WHAT IS REQUIRED: Each line below should be repeated exactly as written, with no pictures carried over.

INFORMATION SUPPLIED:
+===+
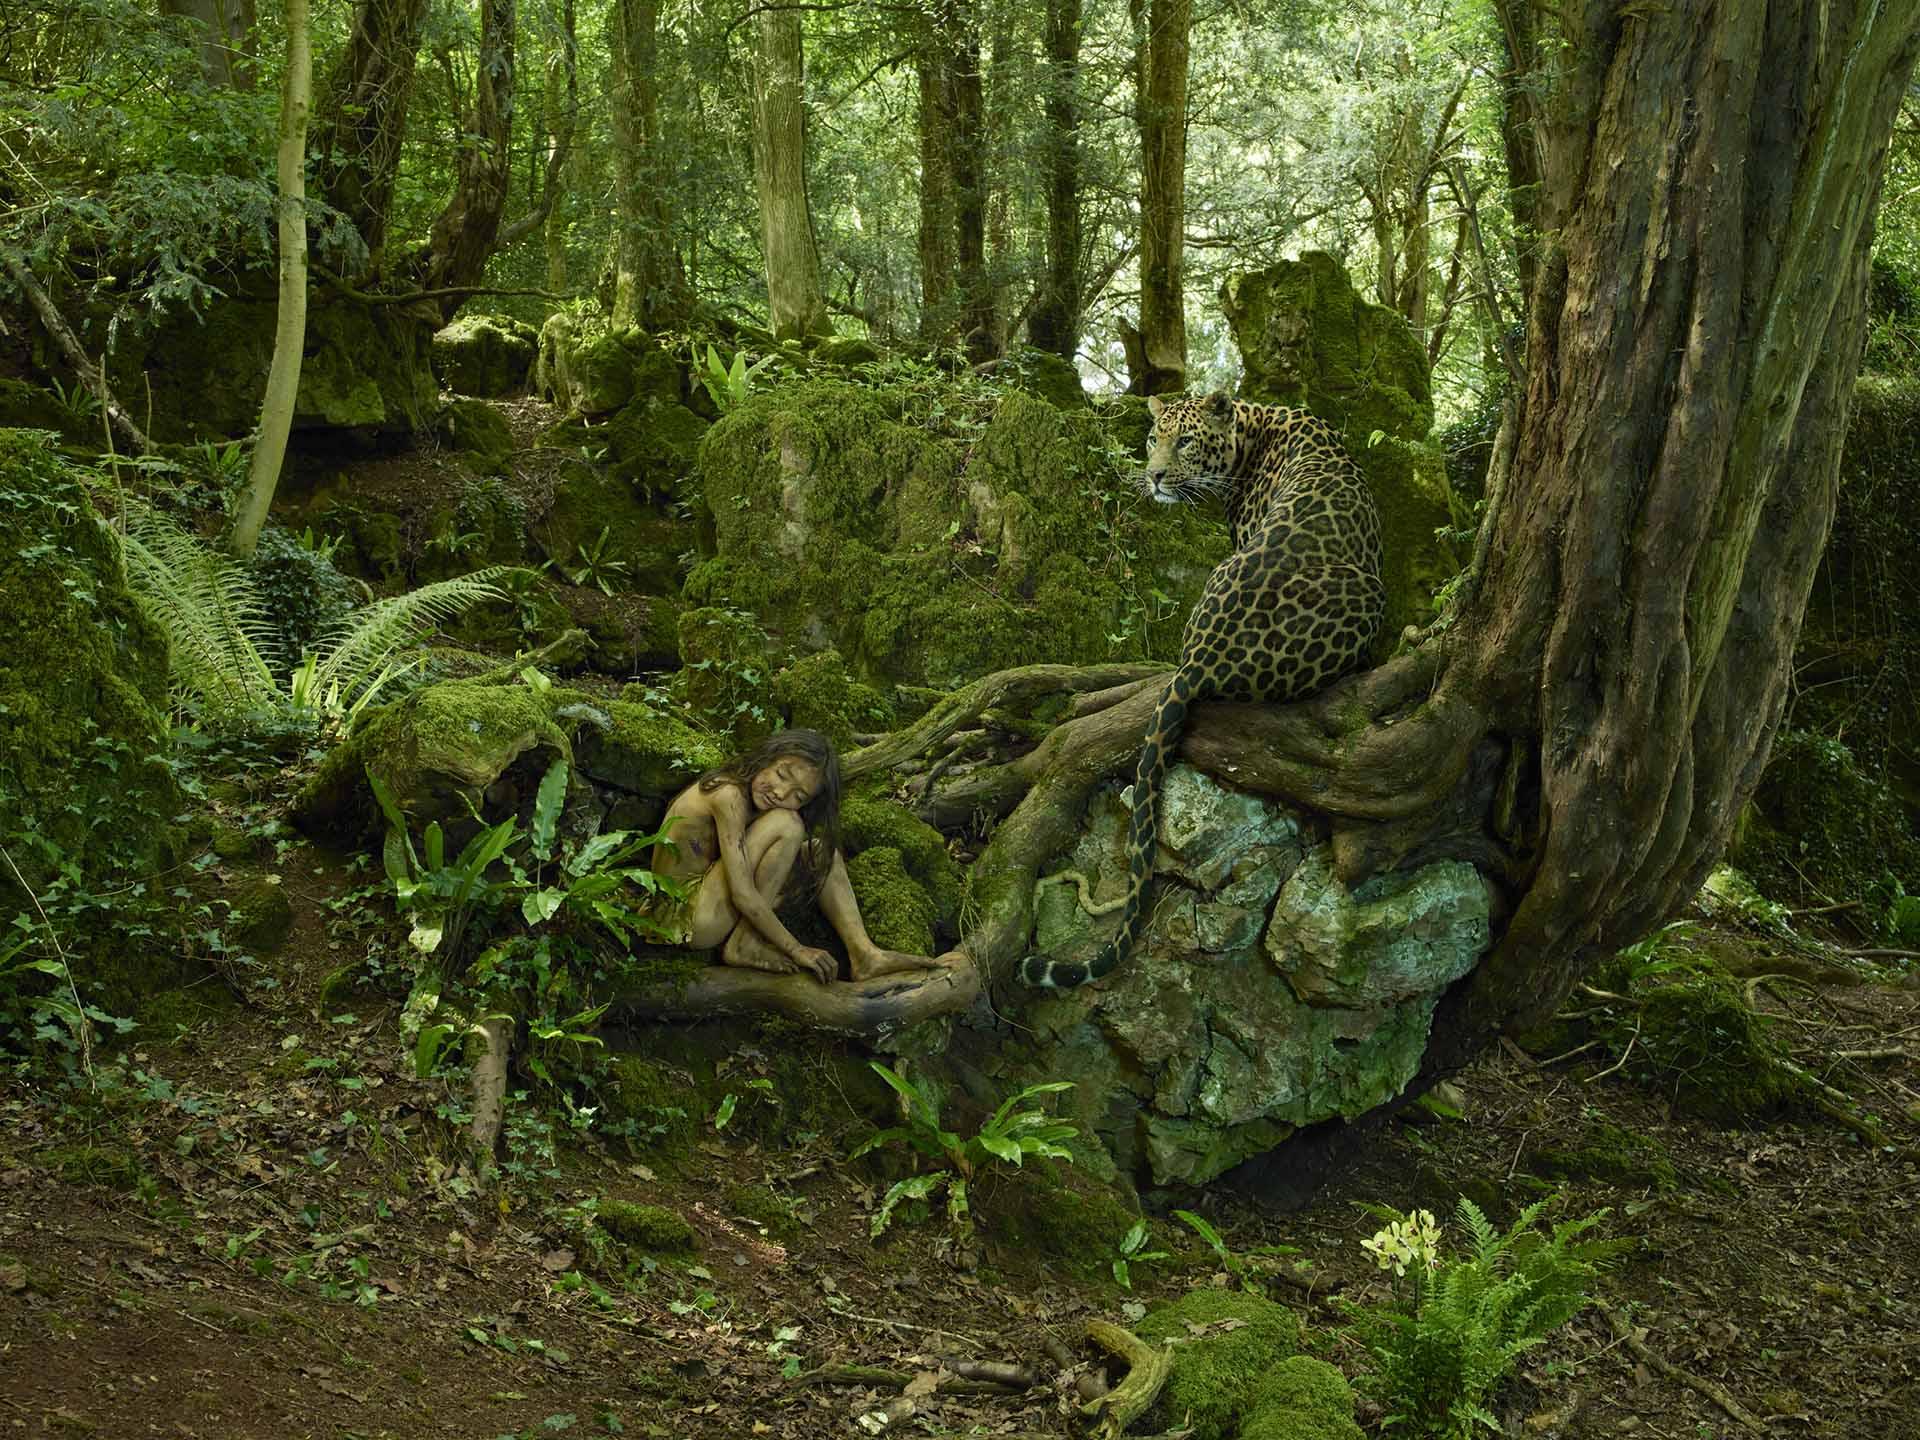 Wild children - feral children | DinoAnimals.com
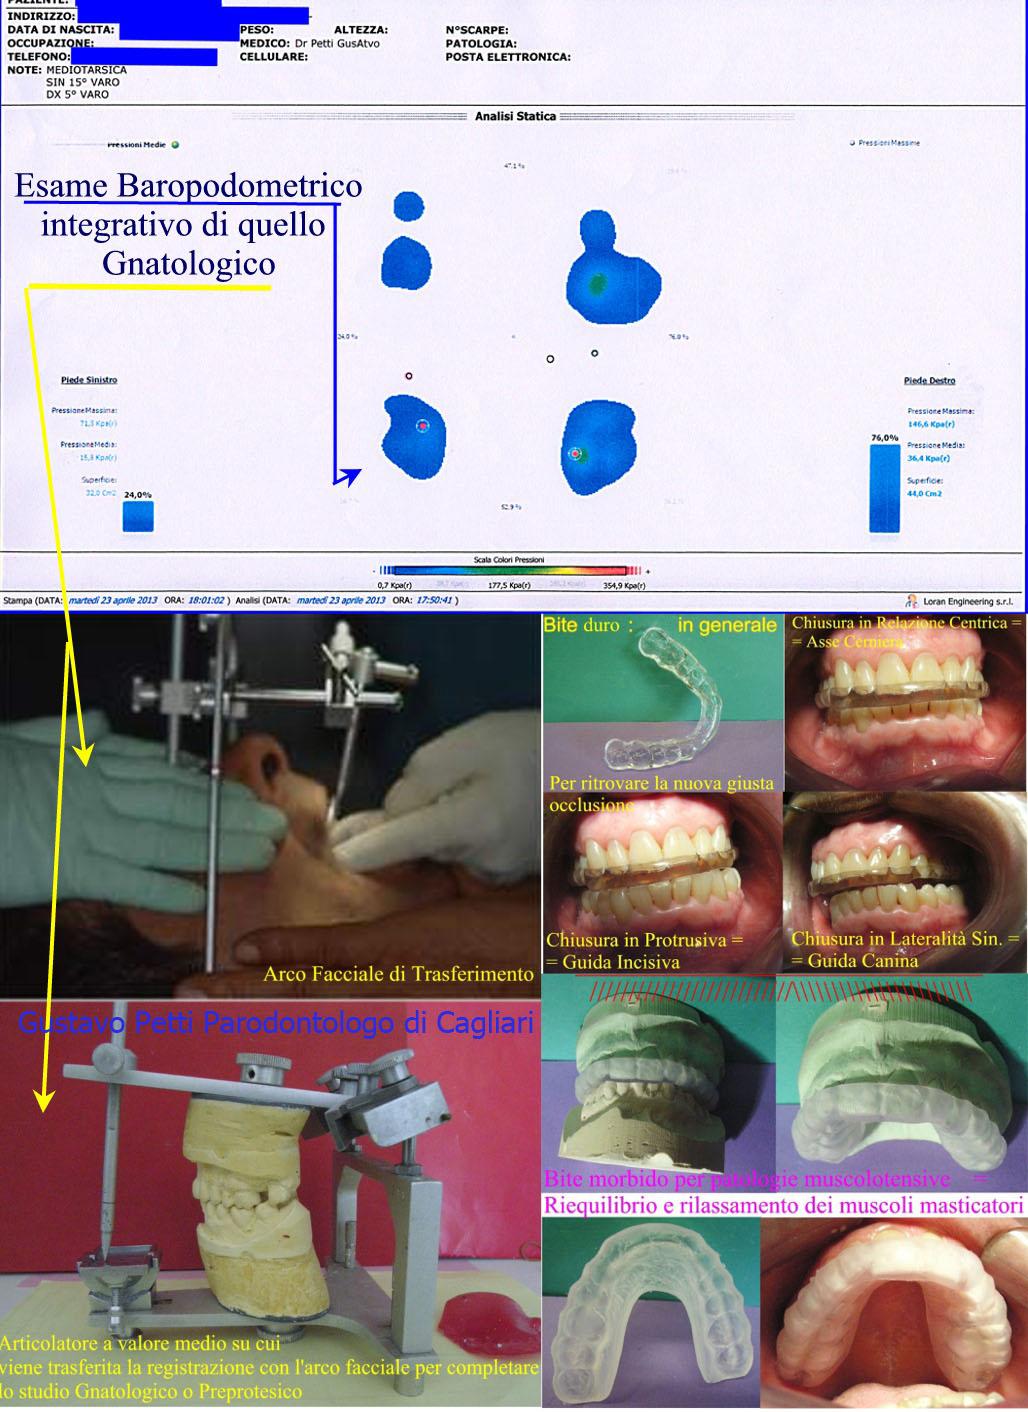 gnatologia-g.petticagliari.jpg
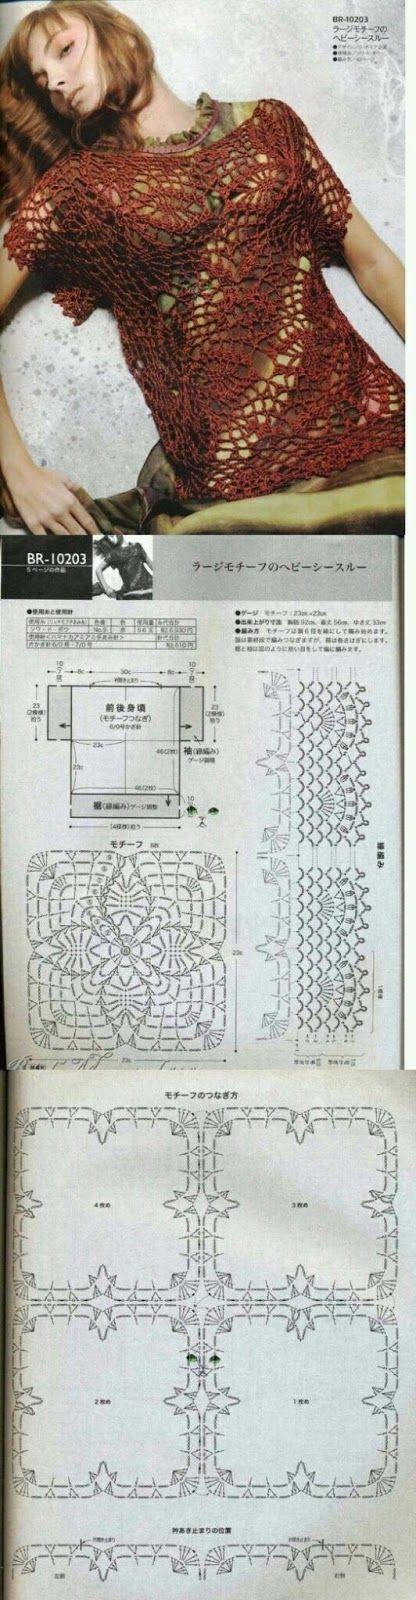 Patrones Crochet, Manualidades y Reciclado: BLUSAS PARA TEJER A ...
+===+
ANSWER SPACE:
 Wild children - feral children | DinoAnimals.com
 gnatologia-g.petticagliari.jpg
 Patrones Crochet, Manualidades y Reciclado: BLUSAS PARA TEJER A ...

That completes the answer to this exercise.